So, for example, Blanton has a worse ERA, worse ratio, worse hits per nine and has allowed more extra-base hits per nine innings, but has better rates for strikeouts and walks.

Nobody in the group has a better ERA or ratio than Happ. Only Durbin has been better at preventing hits. Opponents are hitting .230 against Happ and .219 against Durbin (they’ve actually hit just .228 against Madson, but Happ’s hits per nine innings rate is better). Happ doesn’t strike people out and his walk rate is too high — he has walked 3.38 per nine, which is worse than the mark for the other guys on the list who have started games for the Phils other than Park.

If Happ hasn’t been the best pitcher on the staff this season it has to be somebody. Who could it be? I don’t think it can be anyone who hasn’t thrown 20 innings. I don’t think it could be anybody that has started games, because Happ has a ratio that’s better and an ERA that’s at least a run better than anyone who has started at least three games for the Phils this year. Moyer is the only guy on the team with more wins, but Moyer’s ERA is 5.72.

Lidge and Taschner both have ERAs over five. That leaves Durbin, Madson and Condrey. Condrey has walked hitters more regularly and struck them out less regularly than Happ has, and lots of guys on the team have better rates than Happ in those categories. Durbin has been better at getting strikeouts and preventing hits, but his walk rate isn’t just worse than Happ it’s a whole lot worse. Opponents are hitting just .219 against Durbin, but they’re on-basing .346.
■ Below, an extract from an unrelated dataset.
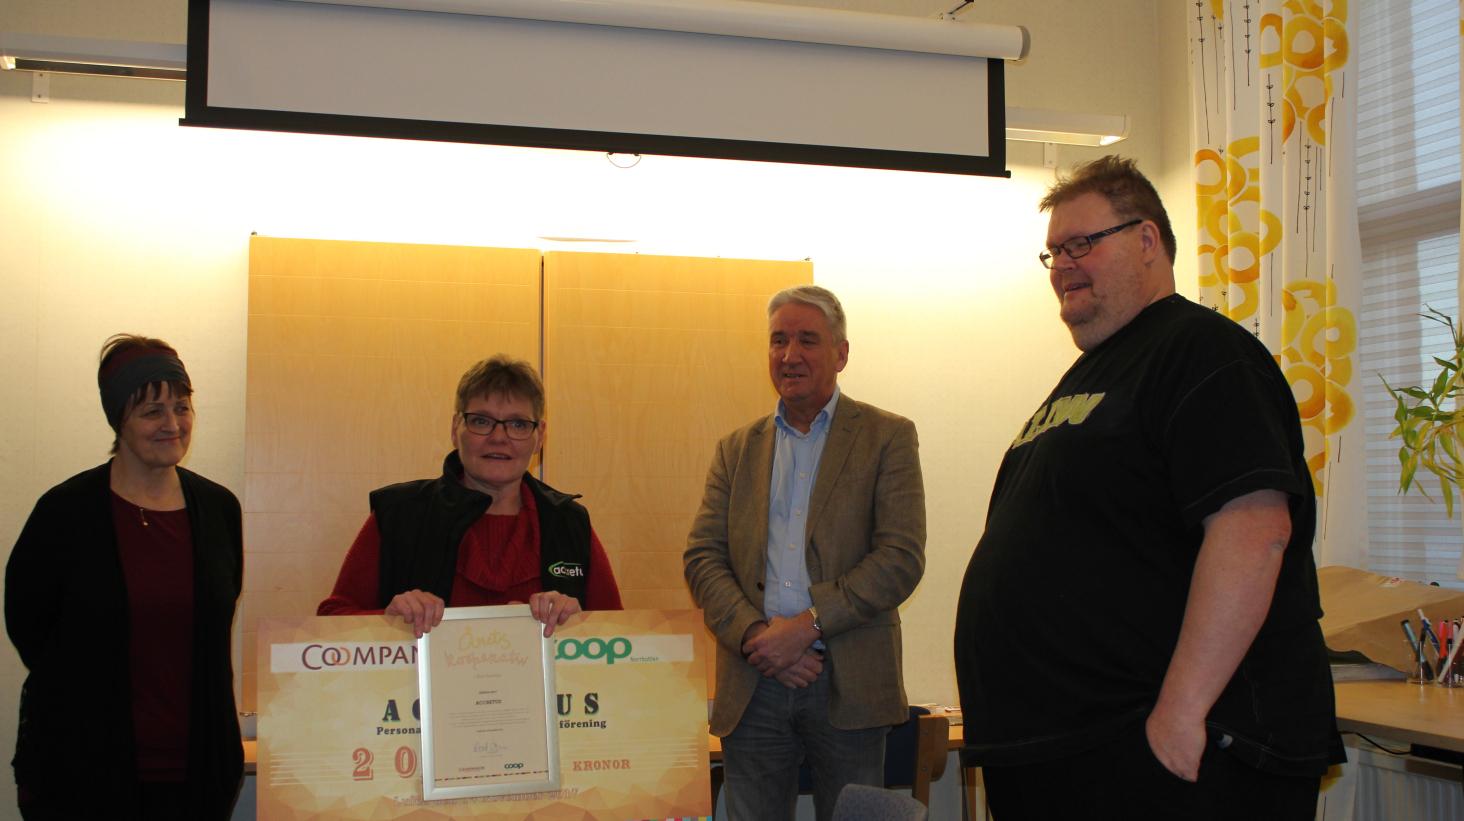 Accretus får utmärkelsen årets kooperativa verksamhet i Norrbotten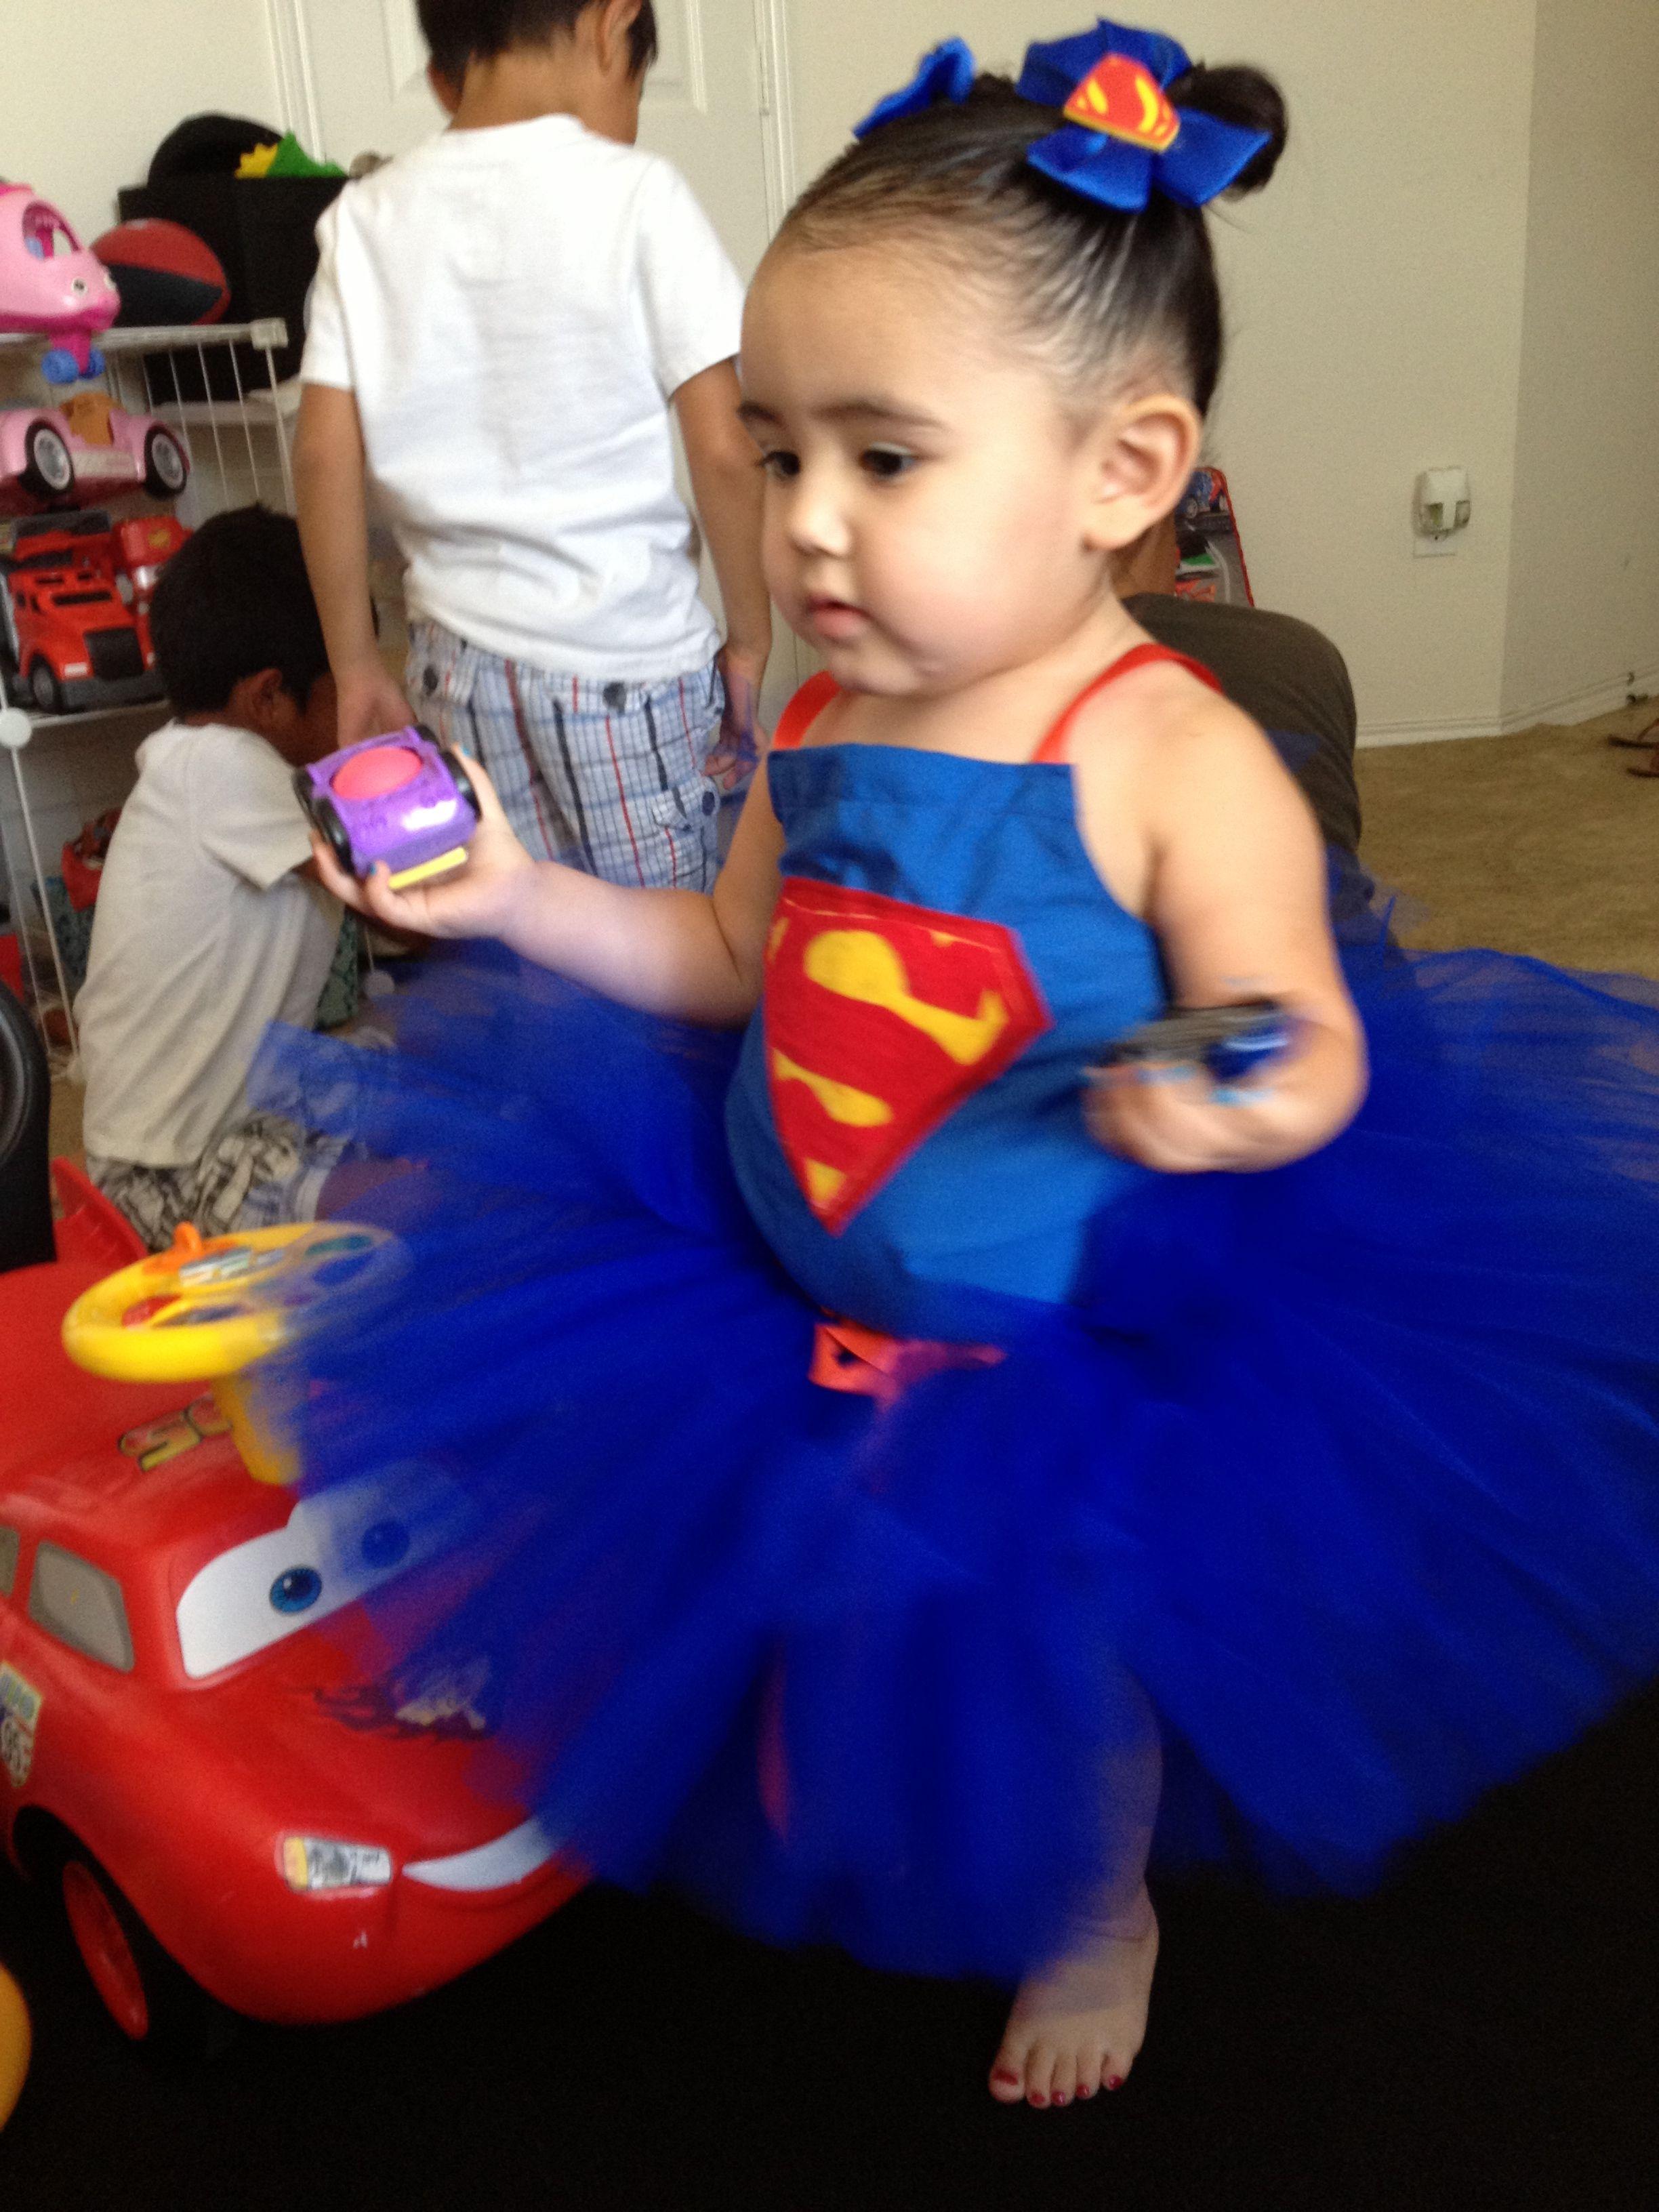 supergirl superman costume halloween costumes pinterest. Black Bedroom Furniture Sets. Home Design Ideas

I think the guy with the second-best case on the team is Madson. But I think Happ has been better.

  IP ERA Ratio H/9 BB/9 SO/9 XBH/9
Madson 41.7 3.24 1.25 7.78 3.46 9.29 2.16
Happ 80.0 3.04 1.20 7.43 3.38 6.41 2.70

Madson has fantastic strikeout numbers that Happ can’t match. He’s also been the best pitcher on the team of the guys who have thrown at least 20 innings at preventing extra-base hits. He didn’t allow a home run on the year until June 18 (none in his first 33 appearances). Still, Happ has been better at preventing hits and walks, his ERA is better and he’s thrown almost twice as many innings.

I’ll do an update later this morning to the Happ/Madson table to reflect the two strong innings that Madson threw last night.

You can still vote for Victorino for the All-Star team at the Phillies web site. Voting ends today at four.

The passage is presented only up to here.